Posiblemente Grayling sea demasiado optimista acerca del alcance y extensión popular, por aquellos tiempos, de esa revolución en la manera de pensar. Se cura un tanto en salud acudiendo a una ilustrativa metáfora: el siglo arranca con la tragedia de Macbeth, estrenada en 1606, en que un rey es asesinado, pero en 1649 algunos de los espectadores de Shakespeare pudieron asistir a la decapitación de Carlos I, principio de las turbulencias que remataron en la Gloriosa. Lo que en la obra teatral se imaginaba como el caos absoluto –los búhos atacaban a los halcones–, en la vida real se producía como una contingencia más de la historia, que daba paso a otra nueva situación y que no acababa con nada.

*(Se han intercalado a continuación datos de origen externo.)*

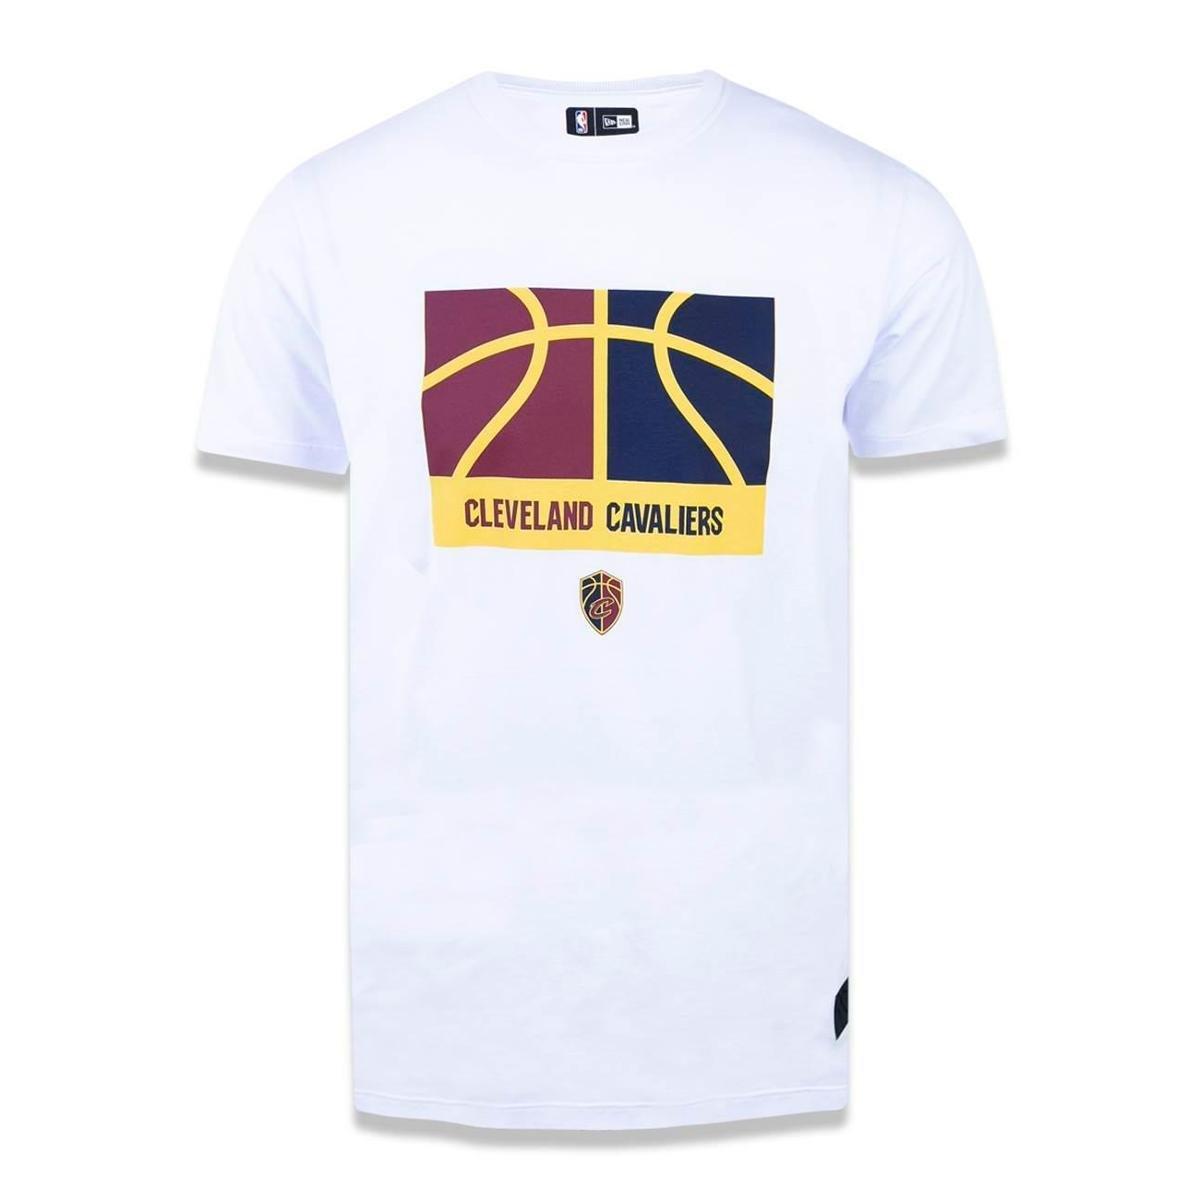 34951a3ae4fe7 Camiseta Cleveland Cavaliers NBA New Era Masculina - Branco - Compre Agora

Pero esa actitud menos dramática no sugiere que aquellos espectadores estuvieran intelectualmente afectados por el cambio en la manera de pensar que venía produciéndose en la centuria. Sin duda hay que esperar, ahora sí, al siglo siguiente, a la Ilustración, para que el enfoque científico llegue, no sólo a las grandes revoluciones políticas del siglo XVIII, como dice el autor, sino también a públicos mucho más numerosos, sin los cuales no habría surgido en escena un nuevo sujeto político protagonista: el Pueblo. La alfabetización masiva posterior y la educación generalizada confirmaron esa deriva.
Y aquí aparece, en sus páginas finales, el beligerante y militante Grayling. En lugar de contestar los conocidos cuestionamientos de la Modernidad, tanto el antiiluminismo de primera hora como el más contemporáneo de Fráncfort y la posterior posmodernidad, nuestro autor arrambla con ellos y los remite a una fantasmal nota al pie, contestando con una defensa apasionada de la fe ilustrada en las últimas páginas y haciéndose solidario de los argumentos de Anthony Pagden en su La Ilustración y por qué sigue siendo importante para nosotros. En ese sentido, apunta que son los restos de pensamiento antiguo, premoderno, religioso, característico de las culturas que no han llevado a cabo la separación de lo mágico y lo científico, quienes, a despecho de su naturaleza minoritaria, están poniendo en peligro hoy la continuidad de nuestra feliz mayoría de edad. «El totalitarismo mental del islam –sentencia– es el paradigma». También, el sustrato mágico popular que cobra enteros conforme la cosmovisión científica, con su tecnicismo, se aleja del ciudadano. La brecha se llena con creencias e historias ilusorias, reconocidamente falsas, pero conformadoras de un relato menos turbador y más comprensible que el que proporciona la madurez moderna. Es el regreso a la infancia intelectual del hombre, el camino de retorno cuando no se entiende el mundo en que se vive. Frente a ello, sin pestañear, Grayling receta lo mismo que Rousseau, Kant y todos los modernos desde hace dos siglos: educación. El problema es que no hay que ser un posmoderno para reconocer que ello no es en absoluto suficiente. Grayling explica extraordinariamente el nacimiento de la mente moderna, pero parece no tener demasiada consideración de los problemas que ha generado la elevación de la razón al pedestal de la deidad, su conversión en un valor supremo indiscutible.